At the moment, the feds are mandating a two-days-a-week-in-the-office policy, but it’s not widely enforced. That is set to increase to three days a week come September, CTV Ottawa reported, citing an article in Le Droit.

I am rarely in agreement with Ontario’s bombastic Premier, Doug Ford, but he seemed to make some sense recently when he called on federal workers to return to their desks: “You got to get the economy going [in Ottawa’s] downtown. These restaurants are hurting, the shops are hurting. Ridership on the transit’s hurting. I think that’s a normal request. You get hired, come to work. Imagine if I told everyone else in the province you don’t have to go to work? Our economy would be shot. So, they shouldn’t get special treatment.”

He’s right. And I’m not betting money on the current federal Liberal government to grow the spine needed to bully the unions into submission any time soon.

To be sure, Ottawa is a complicated organism. Officials from several government entities, including the National Capital Commission and provincial, regional and municipal officials, and even the transit service on occasion, all have a say in its development and day-to-day operations. Squabbles between the unelected poobahs of the bloated NCC and elected city councillors are commonplace, right down to the positioning of walking paths.

Another vivid example of Ottawa’s too-many-chefs-in-the-kitchen governance style is the much-maligned Rideau Street area between Sussex Drive and St. Patrick Street, which despite billions of dollars of investment over the decades has resisted attempts to transform itself into an urban legend. The sinkhole disaster of 2016 might have been a sign from the heavens that it is meant to be something else.

When I was a cub reporter covering the city in the 1980s, I wrote for The Globe and Mail about ambitious plans to transform the artery into a covered, heated pedestrian mall. As I predicted, it never worked out and these days the street is open to buses, cars and pedestrians. Discount stores, fast food outlets and cannabis shops line much of its length. It’s low-end and trashy, and must be one of the most unsuccessful urban design projects in the country. (A post on Tripadvisor refers to the mall as “the definition of an urban planning disaster.”)

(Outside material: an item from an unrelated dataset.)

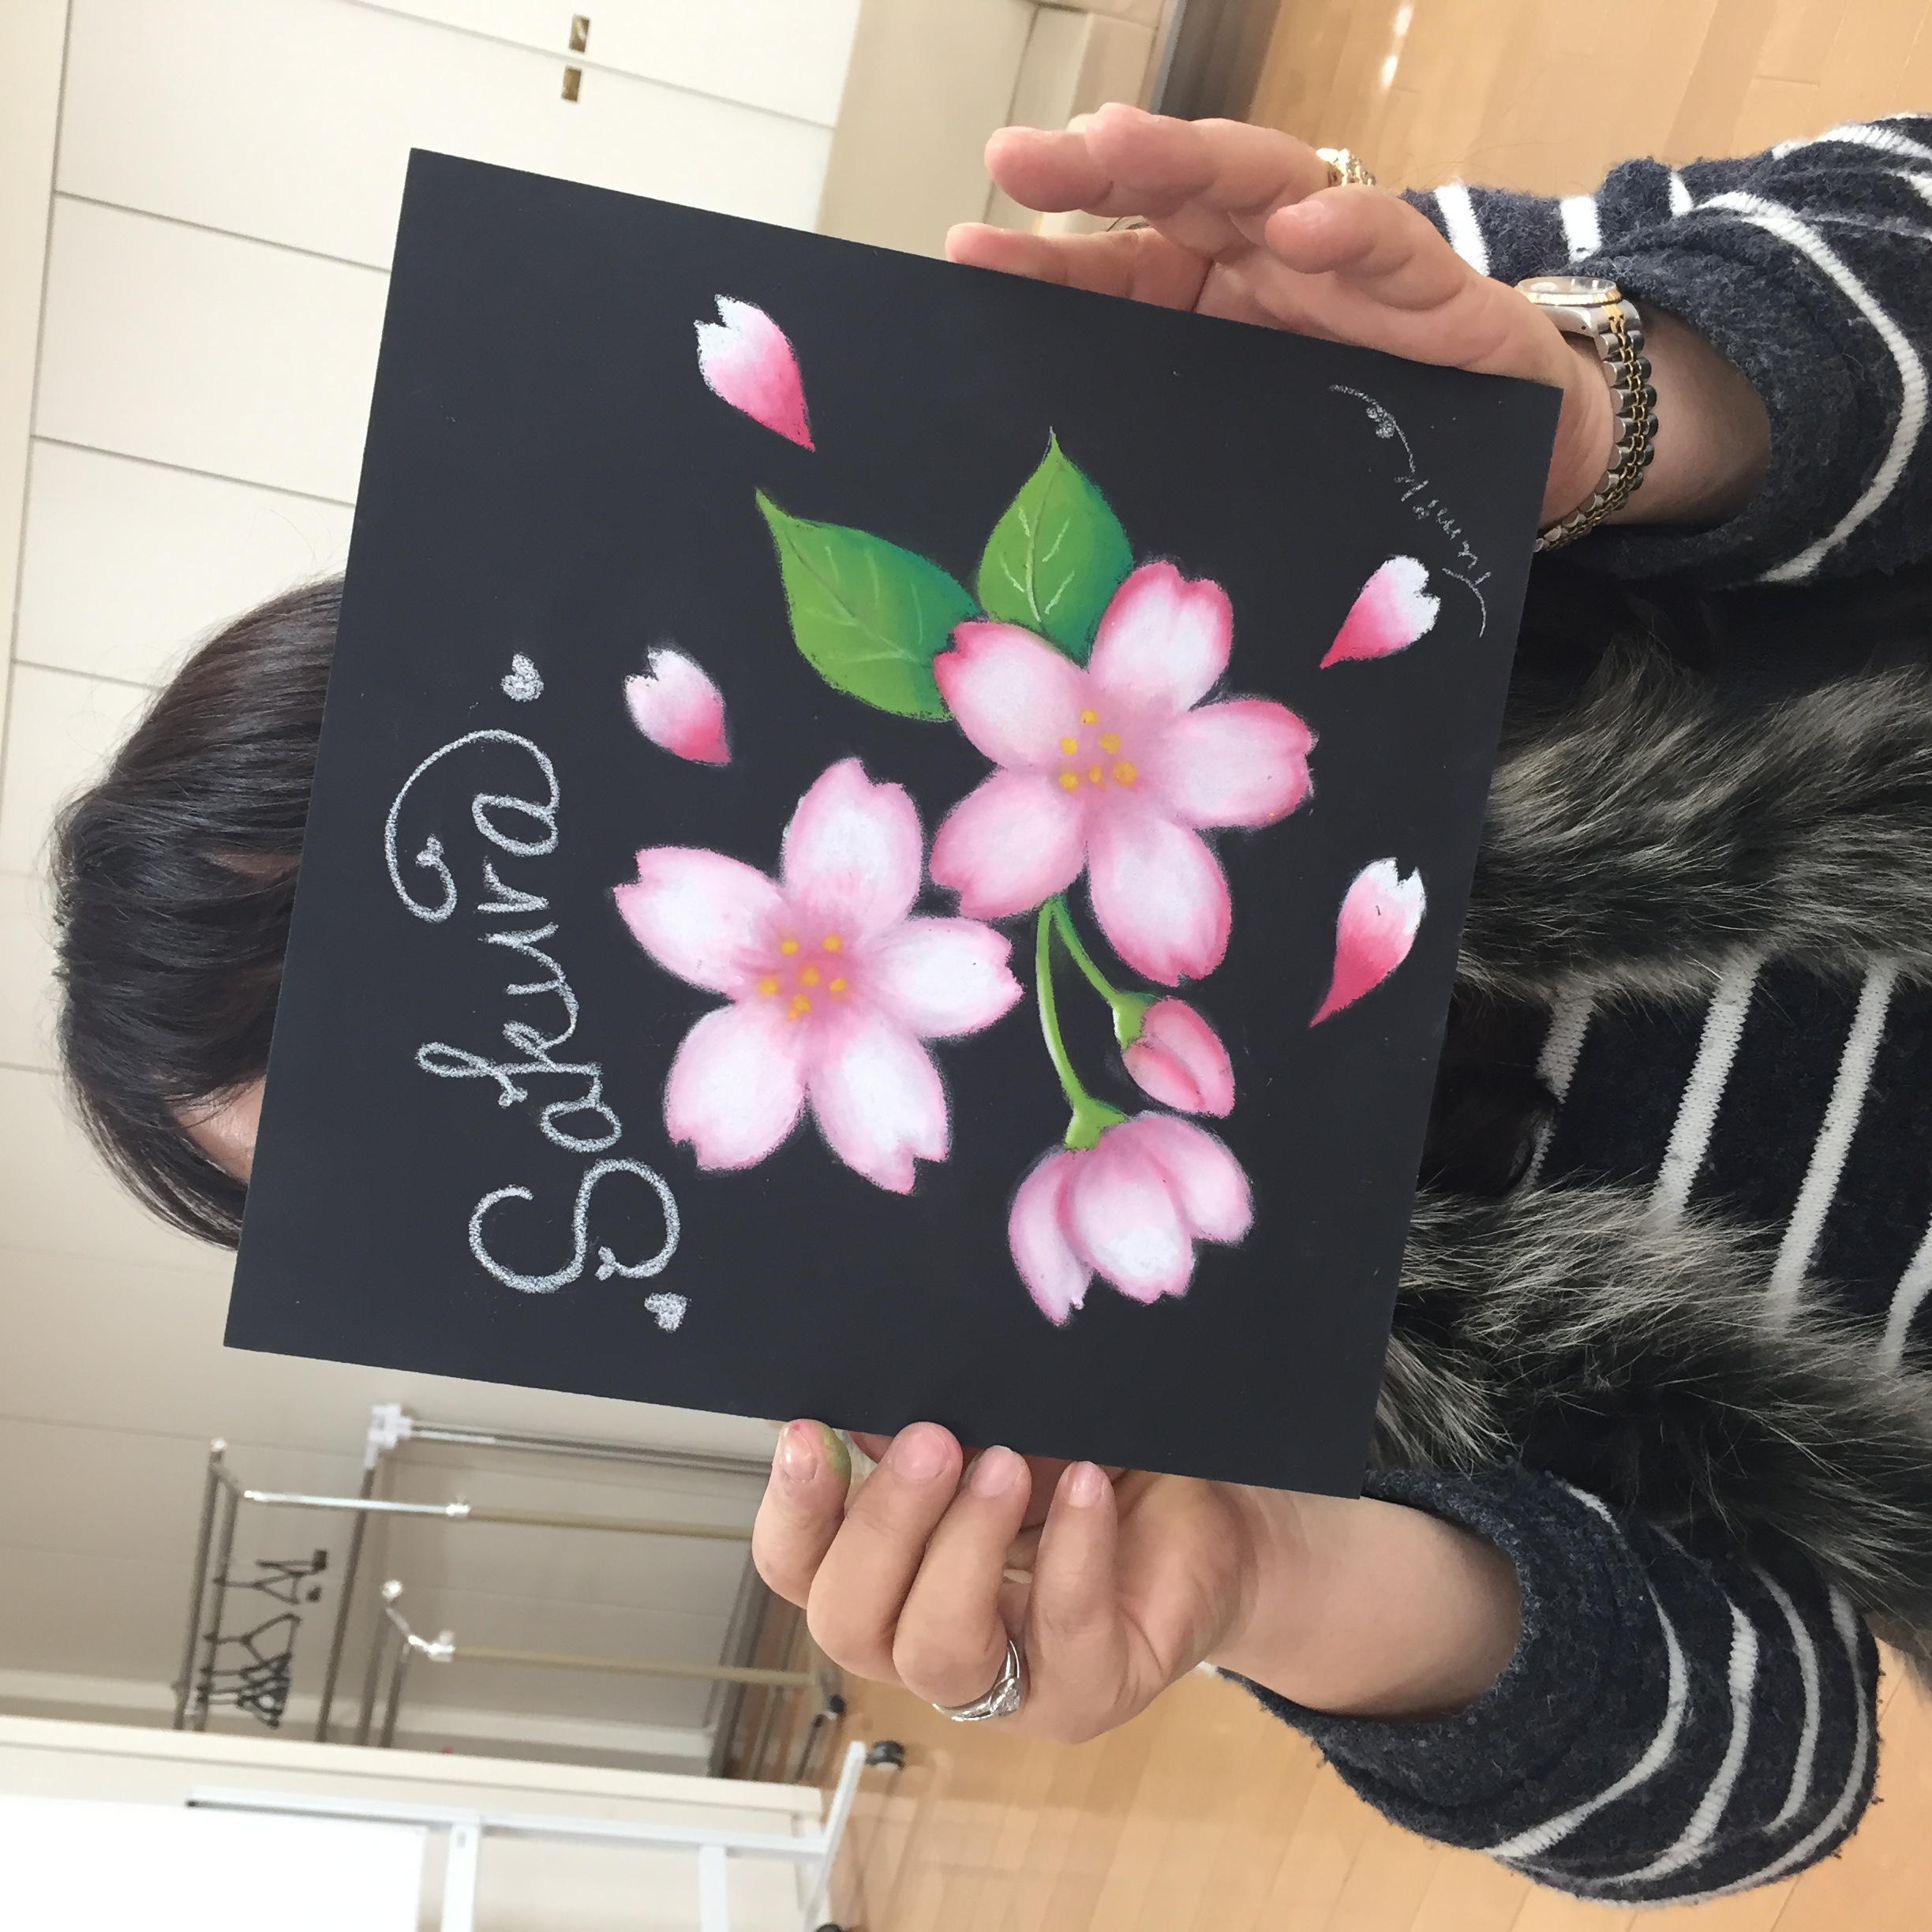 チョークアート川口元郷でレッスン です 春いっぱいに桜 チューリップを描きました 代々木上原 池袋 川口元郷で教室開催しています キャッチパステル チョークアート

And the lack of consensus on renovating the official residence of the Prime Minister – 24 Sussex Dr. had always been included in tours of the city when I was a kid chaperoning visitors around town – needs to be settled soon so that what Politico called “Canada’s most famous fixer-upper” can be returned to the NCC’s portfolio of attractions.

Let’s hope that an aggressive push to bring housing into the downtown core, mostly through high-rise residential buildings, will bring more vitality back and help alleviate the acute nationwide housing shortage.

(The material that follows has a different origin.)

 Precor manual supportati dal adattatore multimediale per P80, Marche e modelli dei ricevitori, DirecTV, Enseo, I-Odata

Of course, it is easy to make a lightning visit to my former home and launch criticism at decision-makers for bad policy decisions. For one, other global cities are grappling with a host of post-COVID issues. In New York, for example, city hall has been unable to wean restaurateurs off of outdoor dining sheds, which have robbed neighbourhoods of precious parking spaces and impeded access for pedestrians, sanitation operations, pest control and emergency vehicles. (For many restaurant owners, it was a once-in-a-lifetime chance to grab free real estate and expand their operations, but many sheds have become dilapidated and are now canvases for graffiti artists.)

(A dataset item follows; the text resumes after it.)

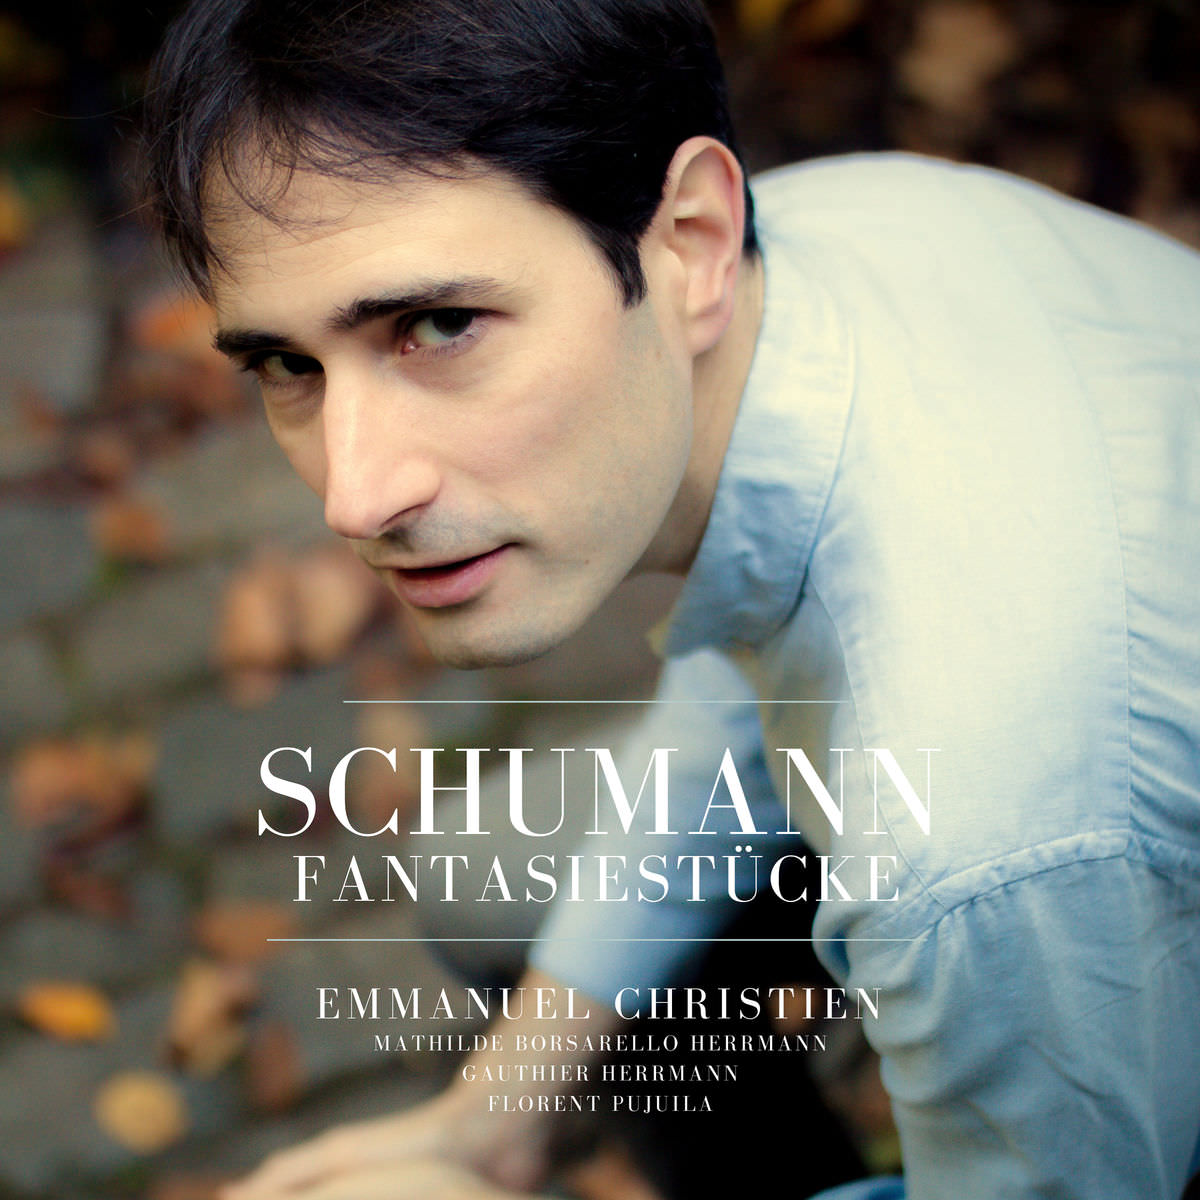 Emmanuel Christien, Florent Pujuila - Schumann: Fantaisiestucke (2018) [FLAC 24bit/96kHz]

Second, things have changed a lot in Ottawa since I used to toss newspapers across neighbours’ lawns as a boy in Alta Vista. Now, the majority of the capital’s households consist of two people and the citizenry has aged considerably.

But my perspective is shaped not only by living in the city for many years, but by comparing the state of play in other capitals. Visits to major world capitals in the past months, including Washington, London, Rome, Warsaw and Brussels, showed that they’ve bounced back from COVID in a way that Ottawa hasn’t.

Let us look at this crisis as an opportunity to reimagine what Canadian downtowns should be, especially Ottawa. At the end of the day, if Canada wants to retain its image as a Group of Seven middle power, it needs to fix its front porch first.